Babilônia: entre Beiru e Engomadeira
fora mocambo de guerreiros ancestrais
Esse trecho de Apocalipse – 18.16:19 “Ai! Ai! da grande
cidade,… porque, em uma só hora, foi devastada!” – falando da destruição
da Babilônia, dá conta de muito que vou descrever aqui. Visto que num só dia
(19/07/2016) um jovem foi morto, uma criança de 2 anos e uma mulher foi baleada
por ações impetradas pelo estado sanguinolento da Bahia, cuja cor negra a vestir
a pele tem que ser também tingida com o sangue da morte, é a lógica macabra do
genocídio e foi isso que ocorreu na Babilônia, um local que se encontra entre
os bairros Engomadeira, Beiru/Tancredo Neves e Estrada das Barreiras, no miolo
cidade do Salvador, o Cabula.
O local está onde hoje é um vale preenchido de casas com
telhas de Eternit, lajes e blocos nus. No passado, segundo relato de um amigo
morador da comunidade: ele ouviu de um mais velho que a região era habitada por
uns homens e mulheres negras que não se misturavam e eram descendentes diretos
de Beiru, homem nigeriano que veio escravizado na primeira metade do século XIX
para Salvador e conseguiu a liberdade e terras. Eles viviam da agricultura,
além da caça, pesca e da colheita de frutas, visto a imensidade de árvores
frutíferas que existiam na região, além do rio que hoje é esgoto e divide o
bairro Beiru e Engomadeira.
Óbvio que reconstruímos isso tudo através dos fios tênues da
oralidade, os quais vão chegando no ouvido e vamos tentando transfigurar em
escrita, pois como nos diz Hampatê Bâ, pensamento e fala não se contradizem,
tem que ser um fato verdadeiro e documental. Assim vamos como bibliotecas
vivas transpassando saberes, tradições e histórias através das gerações.

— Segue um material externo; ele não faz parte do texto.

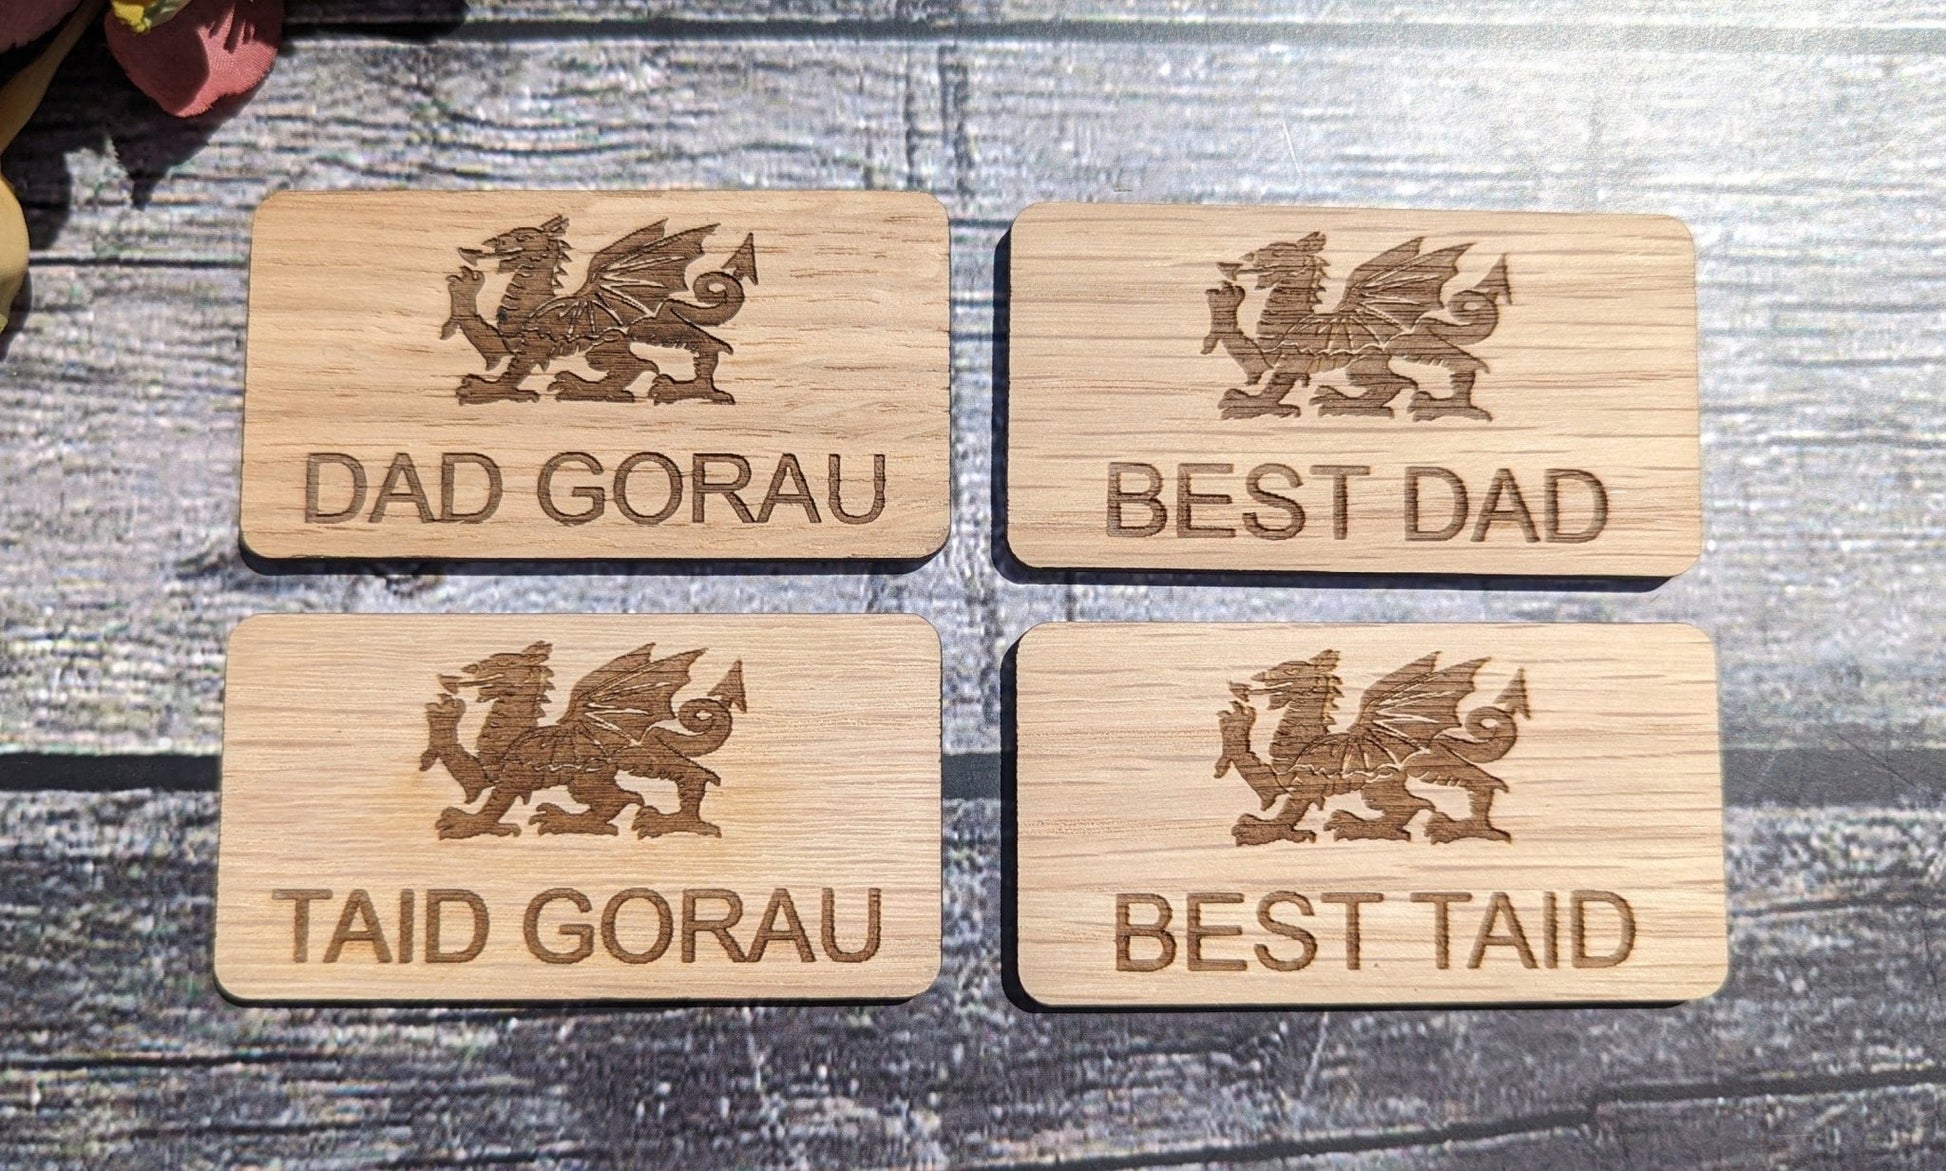 Fun Welsh Wooden Name Badges | Best Dad, Best Taid, Dad Gorau, Taid Gorau - CherryGroveCraft

A violência que atinge os moradores da região não fora
porque desafiaram algum deus construindo o zigurate de Babel para alcançarem o
céu, ela existe porque desde a escravização à favelização atual, ela fora a
pedra de toque, o escopo de uma (como fala Achille Mbembe) necropolítica secular.
E o movimento que se arvora paralelo na comunidade não se
reveste em ações para colocá-la como sujeita da construção de um novo porvir;
ver-se imbuída, ou é arquitetada pelas próprias frechas assassinas do estado a
nos criminalizar e fazer da gente corpos matáveis.

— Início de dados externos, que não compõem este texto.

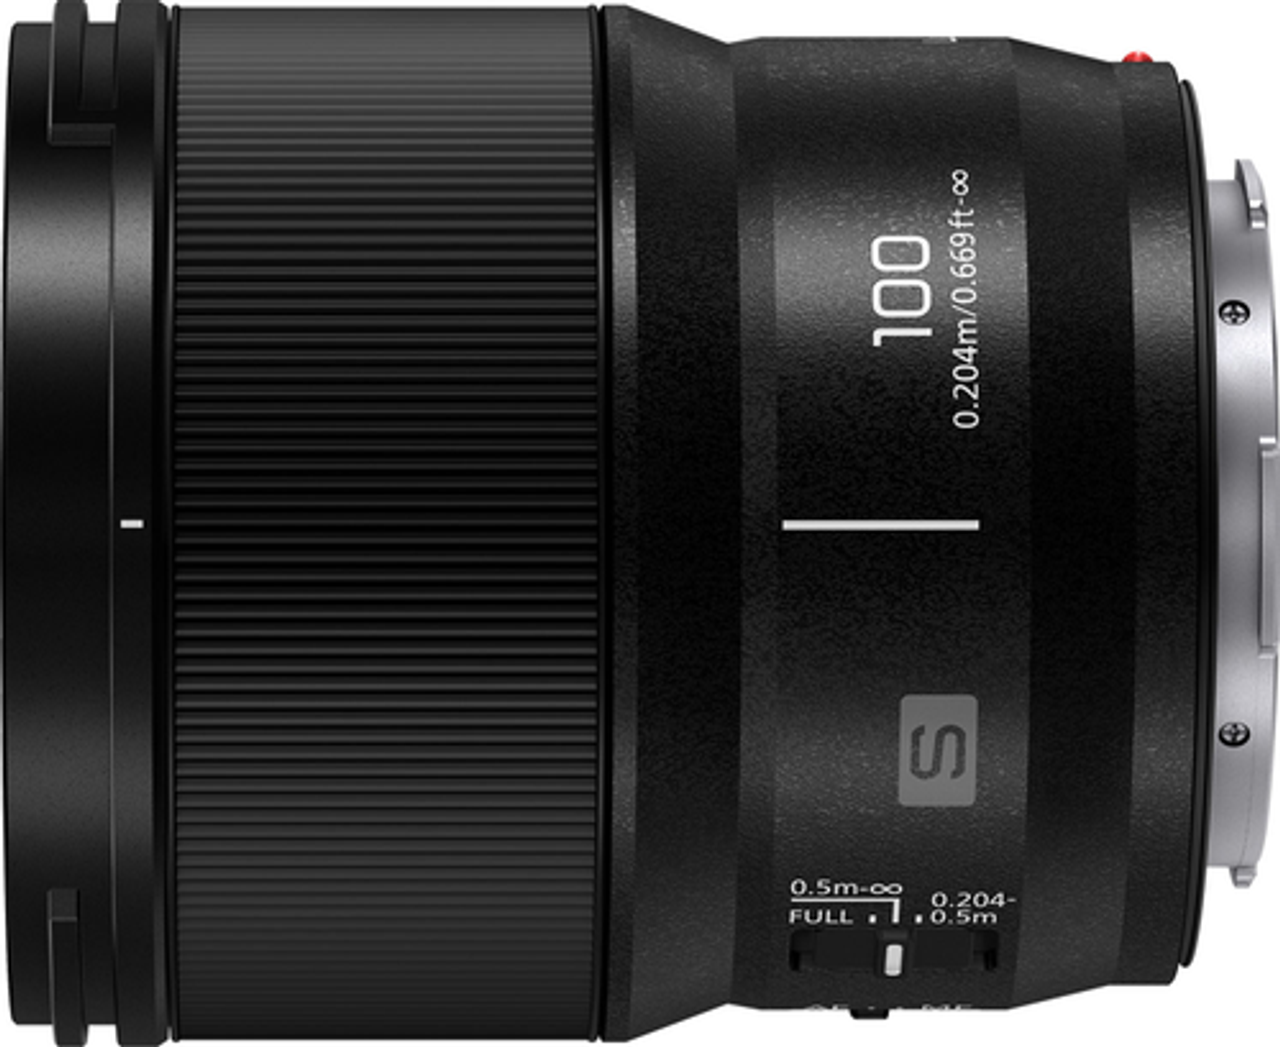 Panasonic - LUMIX Full Frame Camera Lens, S 100mm F2.8 MACRO

Sei que o espírito transformador ainda existe, está lá desde
os primeiros habitantes quilombolas, ainda estamos em busca de um método,
buscando o jeito para fazer com que toda a nossa potencialidade ganhe grande
proporções, nos una como um povo para além da primeira ação de revolta à
violência, que o principio dos ônibus atravessados na rua de descontentamento
possa se tornar algo poderoso e transformador.
Davi Nunes, graduado em Letras Vernáculas pela Universidade
do Estado da Bahia, é poeta e contista.